Управившись с лепешками, Эвелин подняла голову и обнаружила, что кухня пуста, а все женщины куда-то делись. Очень странно. Она вытерла руки о юбку и огляделась — вдруг что-нибудь упустила. В этот момент в кухню вернулись женщины. Нора и Мэри стали быстро складывать лепешки на подносы, а остальные занялись хлебом. Нора хмурилась, когда ей попадались кривые лепешки, и бросала на Эвелин суровые взгляды, как будто хотела сказать: «Ты никуда не годишься».

Эвелин огорчилась, плечи ее поникли, но она тут же их расправила и потянулась за подносом. Мэри с готовностью сунула ей поднос и подтолкнула в сторону зала.

Эвелин вдруг занервничала и осторожно выглянула из двери. Пока в зале было почти пусто, но он быстро наполнялся мужчинами. Грэм и его братья еще не пришли, так что Эвелин бесстрашно направилась к столу, где уже сидели воины.

Ее встретили удивленными взглядами. Некоторые из мужчин даже с недоумением оглянулись на кухонную дверь. Эвелин не поняла, что все это значит. Может быть, им хотелось, чтобы еду подавали женщины их собственного клана? Это подозрение лишь укрепило ее решимость сравняться в правах с любым из Монтгомери.

Она принесла еду на первый стол и направилась ко второму, когда в зале вдруг стало тихо. Мужчины за столом, к которому подошла Эвелин, смущенно уставились ей за спину. Один даже уронил кубок и разлил эль по всему столу.

Эвелин испуганно моргнула, уверенная, что это она виновата в случившемся. Оглянувшись, чтобы понять, в чем дело, она встретилась взглядом с мужем. Грэм был в бешенстве. Он направился к ней с таким угрюмым видом, что Эвелин невольно отступила на пару шагов и налетела на сидящего сзади мужчину.

— Что ты здесь делаешь, черт возьми?

Дрожь в барабанных перепонках подсказала Эвелин, что он проревел свой вопрос во весь голос.
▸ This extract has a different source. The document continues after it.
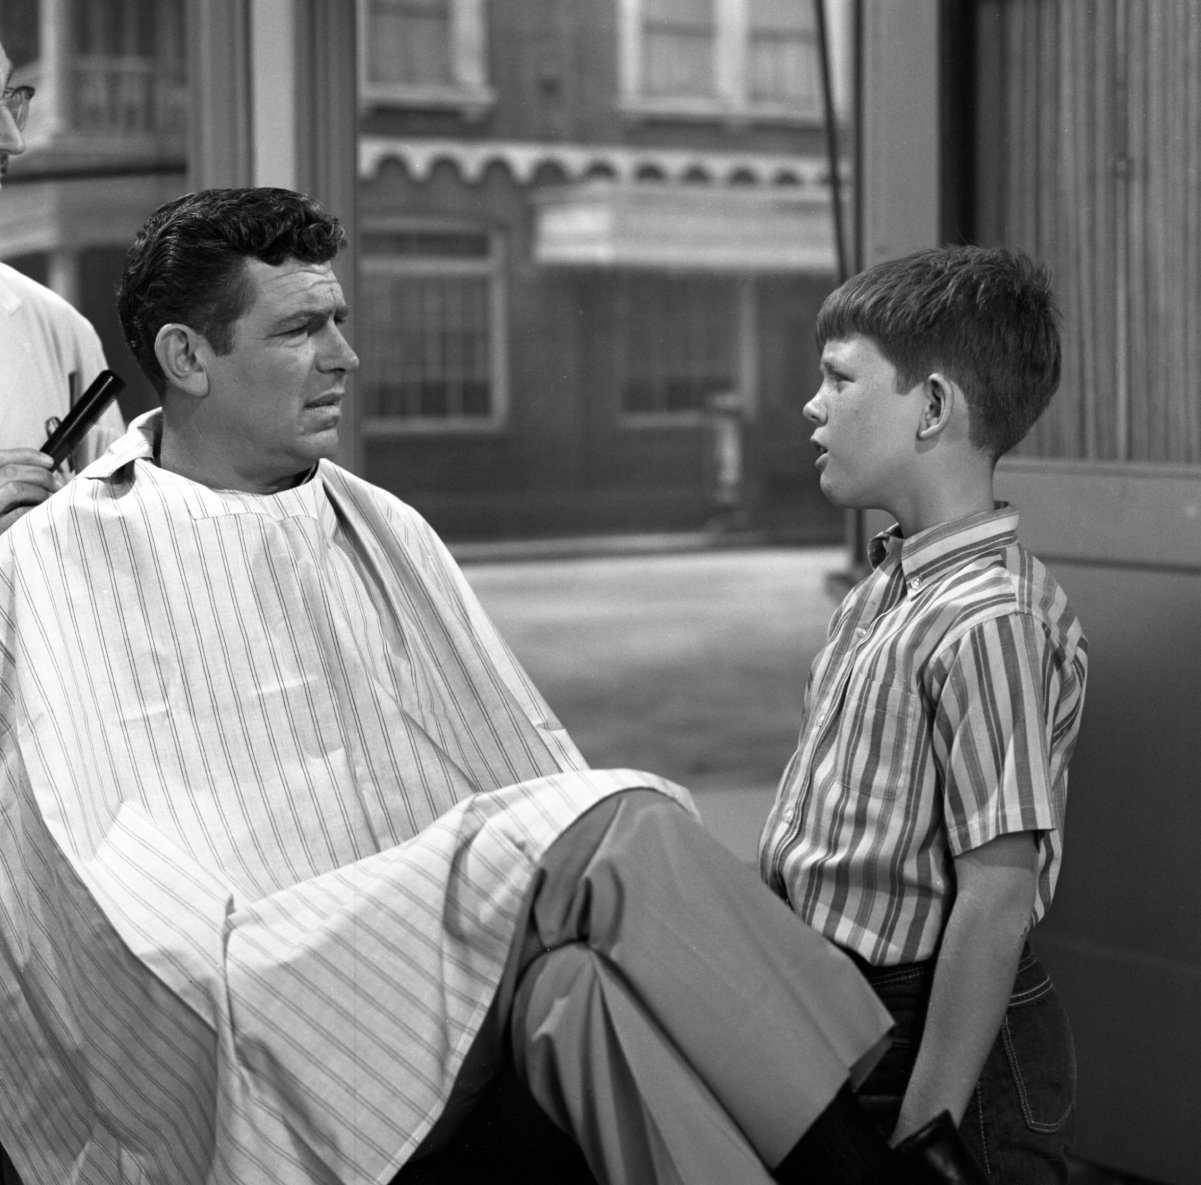 Ron Howard Revealed the Day He Was ‘Saved’ From ‘Becoming a Toxic Hollywood Brat’ on the ‘Andy Griffith Show’ Set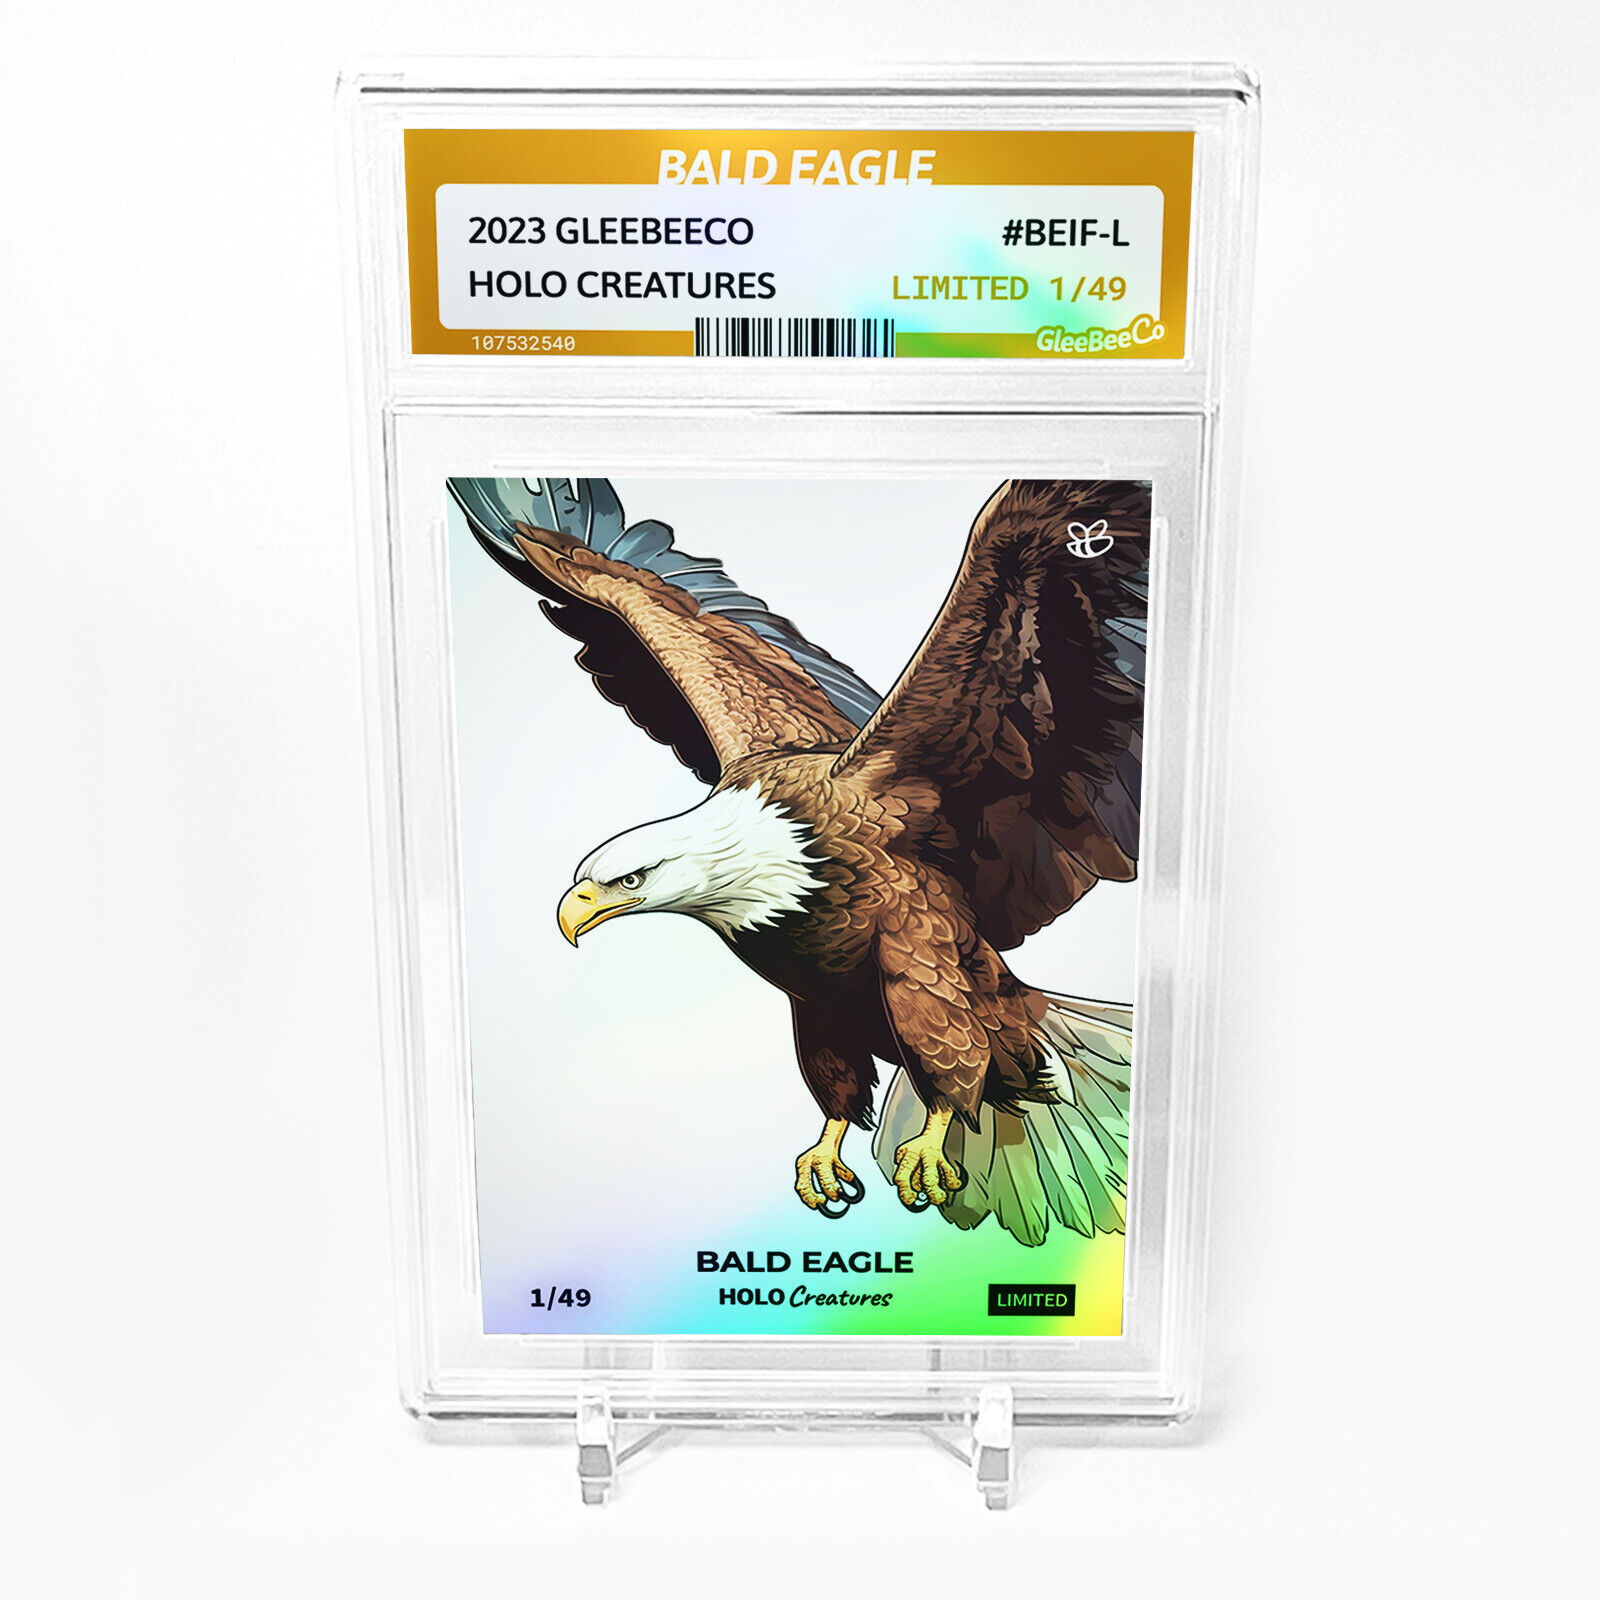 BALD EAGLE In Flight Card GleeBeeCo Holo Creatures *Slab* #BEIF-L Only /49

Не дожидаясь ответа, он выхватил поднос из ее рук, не глядя сунул его какой-то служанке, схватил Эвелин за руку и потащил туда, где обычно сидел с братьями.

Усадив ее за стол, он осмотрел руки Эвелин. В утреннем свете все ссадины, синяки и царапины были ясно видны. Дождавшись, пока ее взгляд остановится на его губах, он, четко артикулируя звуки, спросил:

— Кто это сделал?

Эвелин нахмурилась:

— Никто.

Грэм поднял глаза. Эвелин оглянулась и увидела, что он смотрит на Боуэна и Тига, которые только что подошли. Должно быть, они что-то спросили, потому что Грэм приподнял ее руки и показал их братьям. На лице его появилась мрачная ухмылка.

— Вот что случилось. Посмотрите на ее руки. Посмотрите, что они с ней сделали.

— Но, Грэм, никто ничего со мной не сделал, — запротестовала Эвелин. — Я оцарапала их вчера, когда носила в зал дрова для камина. А синяки у меня от уборки и мытья посуды.

Боуэн с мрачным видом сел прямо напротив Эвелин. Она нервно оглянулась на Тига, который опустился на скамью рядом с Боуэном. Тиг тоже был недоволен. Сжав губы в жесткую линию, он ответил ей суровым взглядом.

— Я не понимаю, — растерянно произнесла Эвелин и повернулась к Грэму: — Я тебя чем-то обидела?

Боуэн хлопнул ладонью по столу, привлекая к себе ее внимание.

— Чего ты, черт возьми, добивалась, таская эти чертовы бревна? Даже парням тяжело их поднимать. Мы специально назначили для этой работы мужчину, чтобы женщины не надрывались, когда разводят огонь по утрам.

У Эвелин вспыхнули щеки, когда она поняла, что произошло. Служанки знали, что дрова должен носить мужчина. Зачем же послали ее?

У нее задрожали губы, но Эвелин не хотела показывать своего огорчения, чтобы не доставить радости женщинам, которые решили выставить ее дурочкой.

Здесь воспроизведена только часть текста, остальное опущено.